TASK TO CARRY OUT: Excluding any images, copy all of the lines below precisely as written.
======== DATASET CONTENT ========
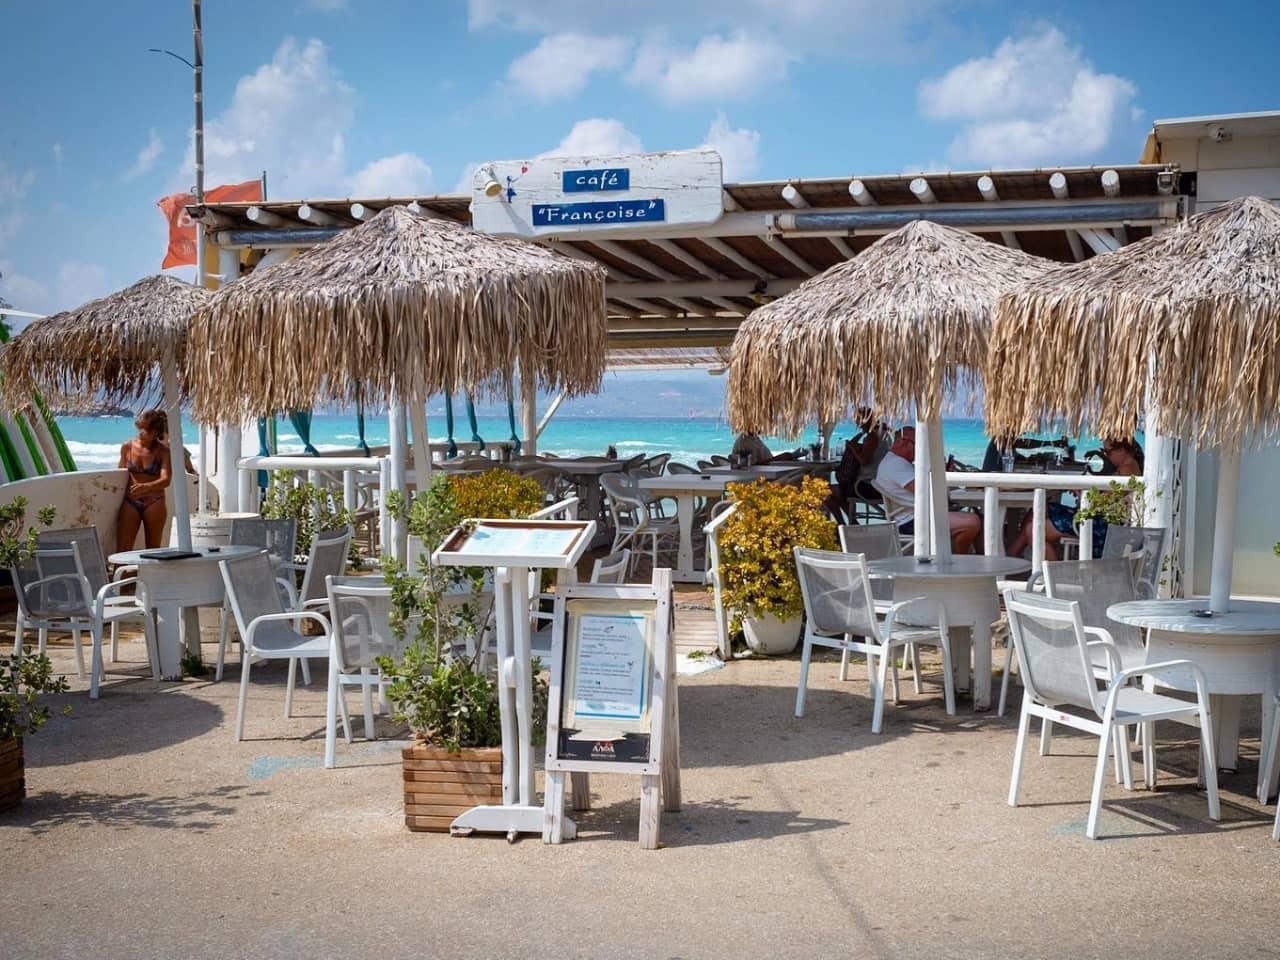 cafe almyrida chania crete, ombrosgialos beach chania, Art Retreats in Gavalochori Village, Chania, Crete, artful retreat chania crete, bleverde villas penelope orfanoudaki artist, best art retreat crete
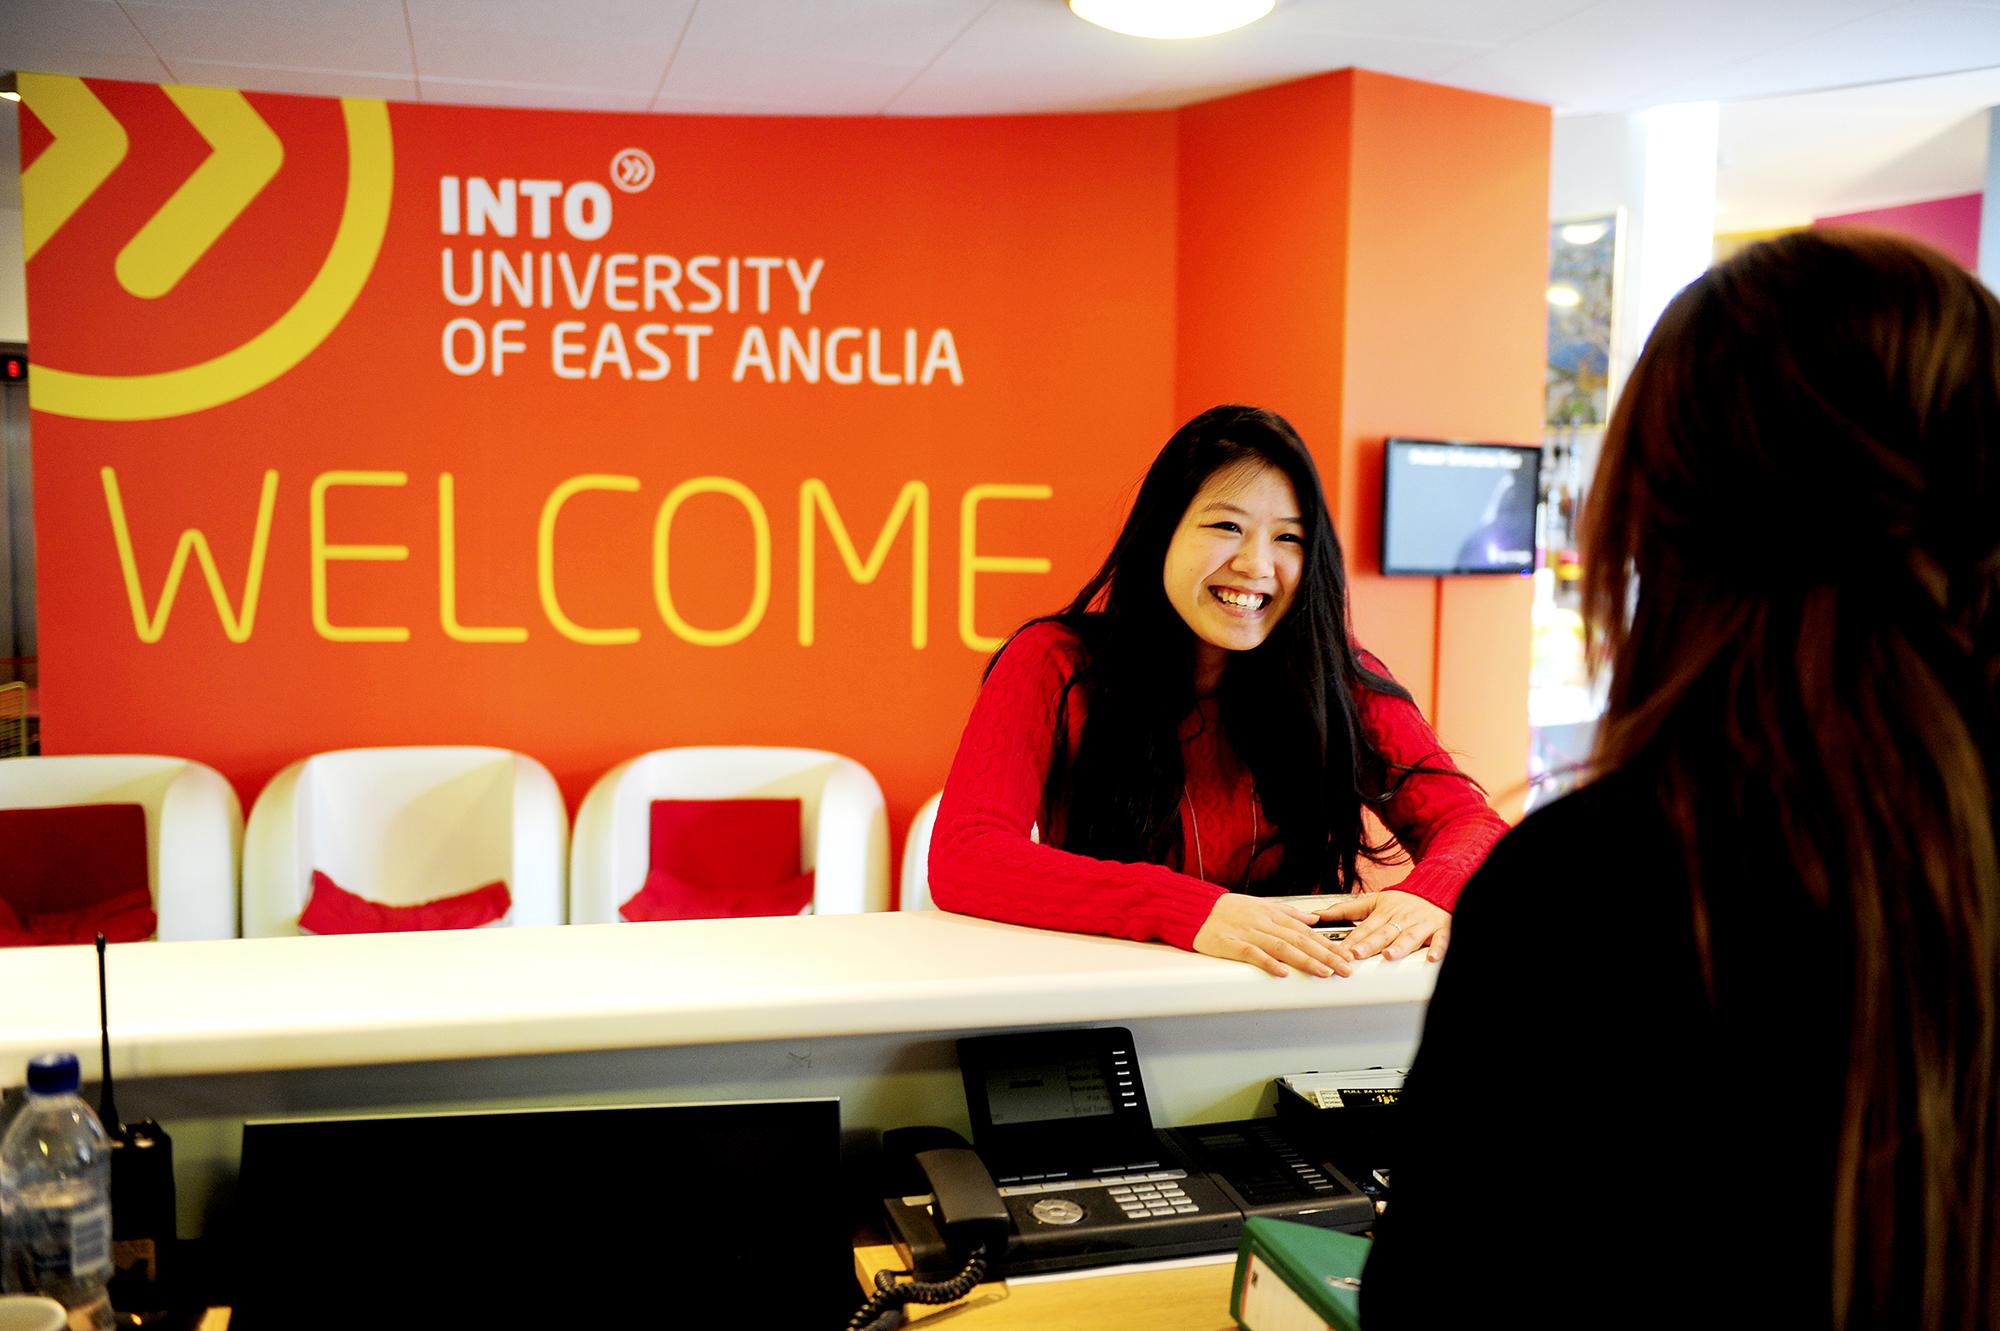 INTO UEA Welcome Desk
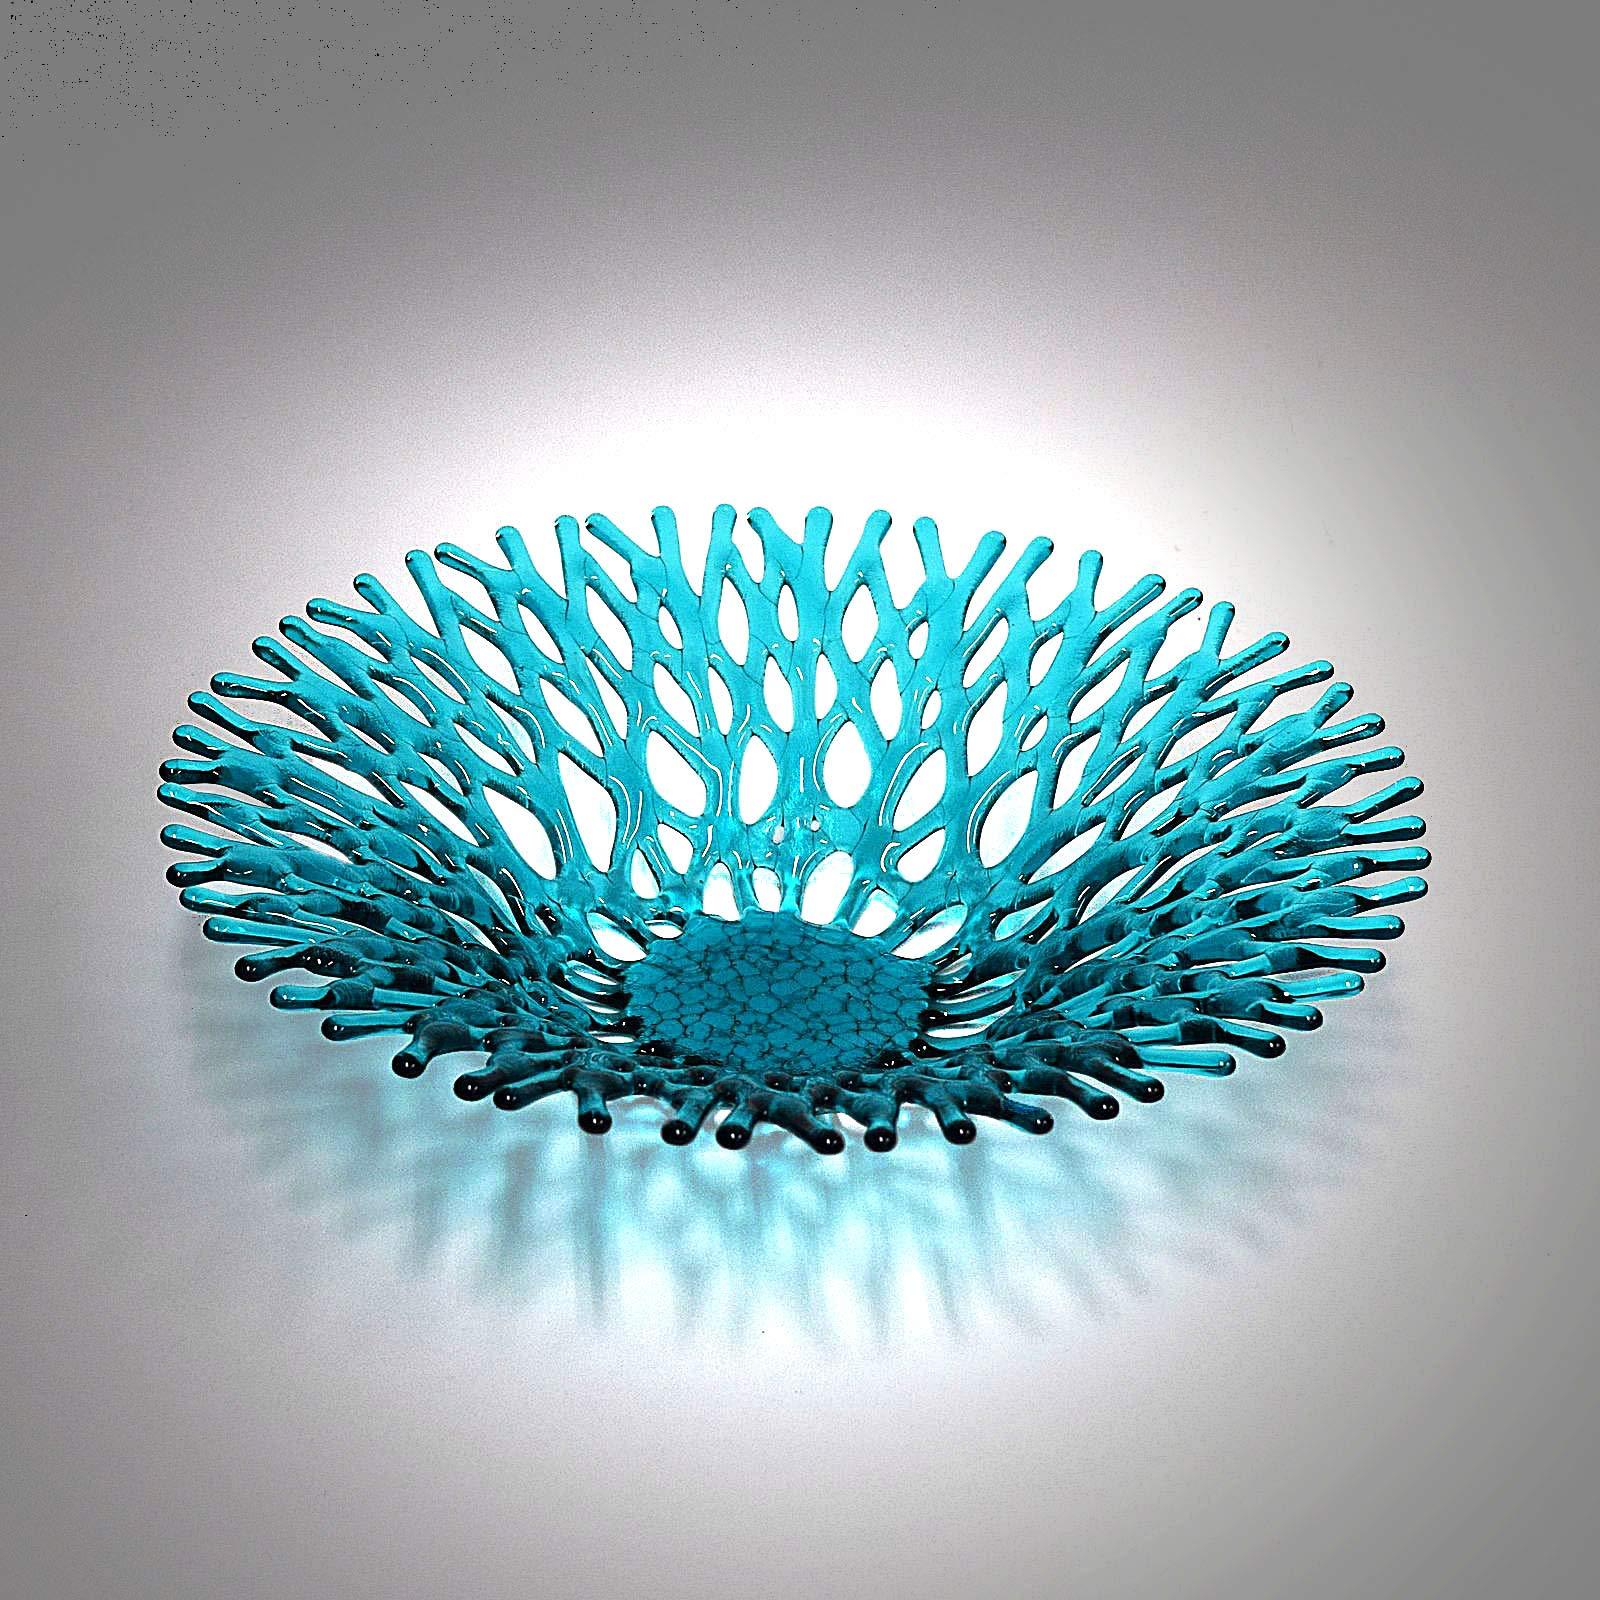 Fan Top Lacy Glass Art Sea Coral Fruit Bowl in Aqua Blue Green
========
TASK ANSWER:
 cafe almyrida chania crete, ombrosgialos beach chania, Art Retreats in Gavalochori Village, Chania, Crete, artful retreat chania crete, bleverde villas penelope orfanoudaki artist, best art retreat crete
 INTO UEA Welcome Desk
 Fan Top Lacy Glass Art Sea Coral Fruit Bowl in Aqua Blue Green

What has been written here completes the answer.